A rough start. simple_pyspark_lakehouse/assets.py and simple_pyspark_lakehouse/lakehouse.py are the places to look to get a flavor for the API.
What a lakehouse is
A lakehouse is composed of:
- Assets, each of which addresses an object in some durable store.
- ComputedAssets, which are Assets with functions to derive them from other artifacts.
- Storage defs, which are ResourceDefinitions, each of which defines a durable store that artifacts can live in.
- TypeStoragePolicies, each of which defines how to translate between a storage def and an in-memory type.
Some differences between the lakehouse model and the vanilla dagster model:
- Unlike solids, assets know where they live.
- Unlike solids, assets know what other artifacts they depend on - there's no separate step of hooking up inputs to outputs.
- Unlike solids, assets don't know how to save or load their inputs or outputs. Saving and load are a separate layer.
The biggest piece that's missing from this revision is asset typing and metadata, e.g. defining the columns on a table artifact.
Interop with solids.
This PR includes an experimental "SolidAsset" that lets an Asset be populated via a solid.
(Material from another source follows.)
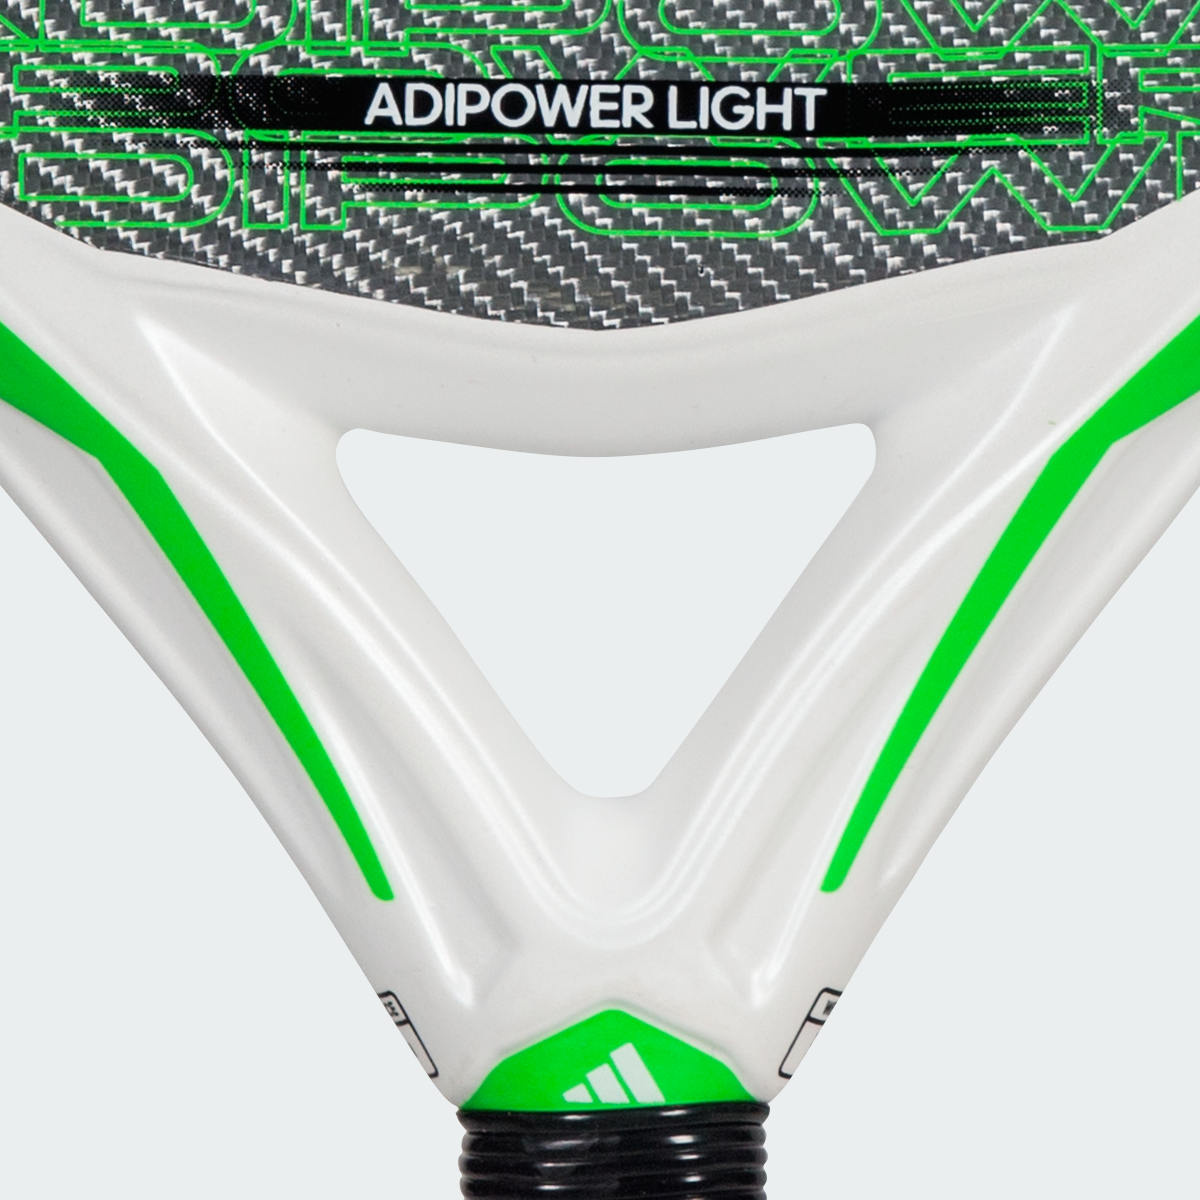 Adidas Pala de pádel Adipower Light 3.3. 5
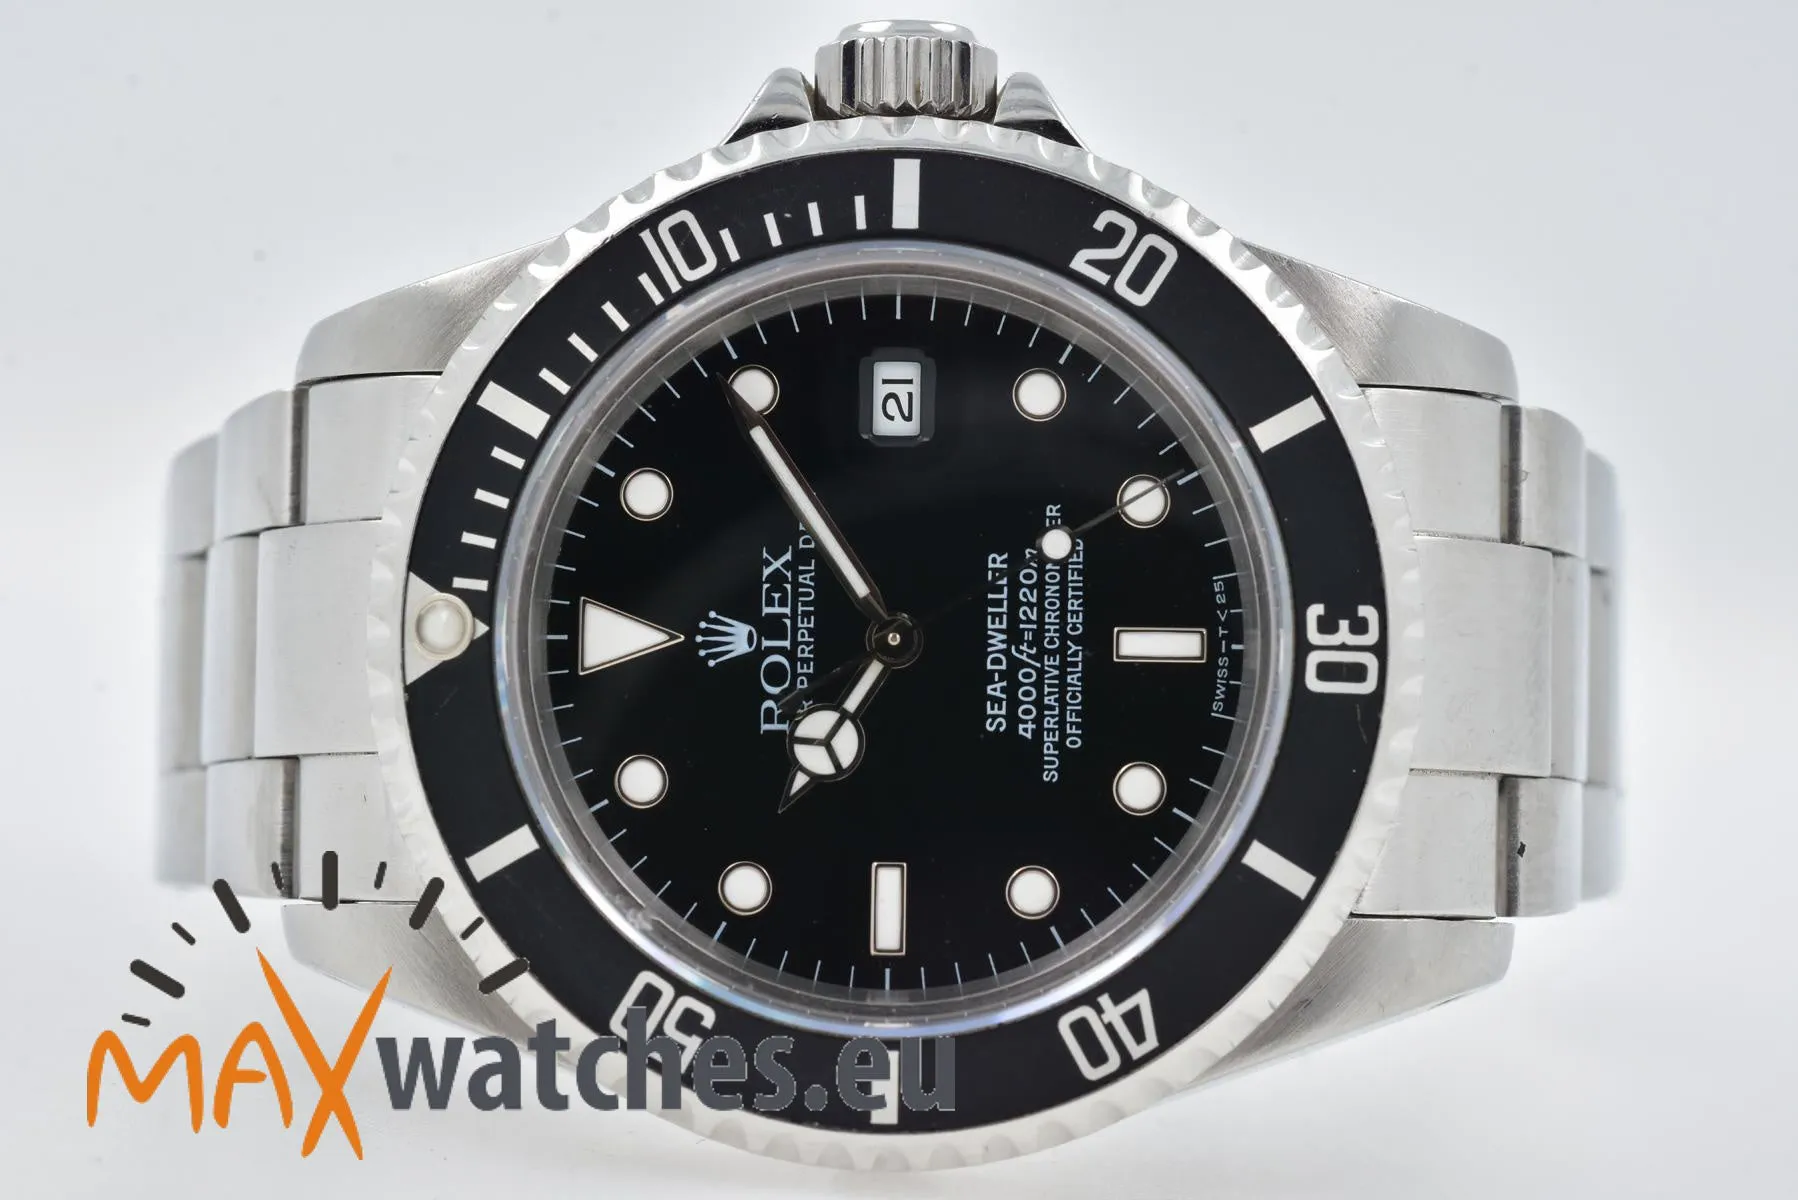 Rolex Sea-Dweller 4000 16600 40mm Stainless steel Black

This was inspired by trying to get bay_bikes working on lakehouse/
Solid/asset-level I/O configurability
The lakehouse makes the storage definitions and TypeStorageAdapters responsible for all decisions about how to persist artifacts, and leaves no agency to individual solids in configuring where their inputs and outputs live.
If we can hold this line, I think it makes everyone's life a whole lot simpler. A big advantage of a lakehouse is cutting down on tables named things like "users_sandy_test_7".
That said, in development, it's often desirable for a pipeline to get its inputs from a production environment, but write its outputs / intermediates to a development environment. It might be worth supporting this use case directly, e.g. by enabling users to specify a parent lakehouse_environment when generating pipelines.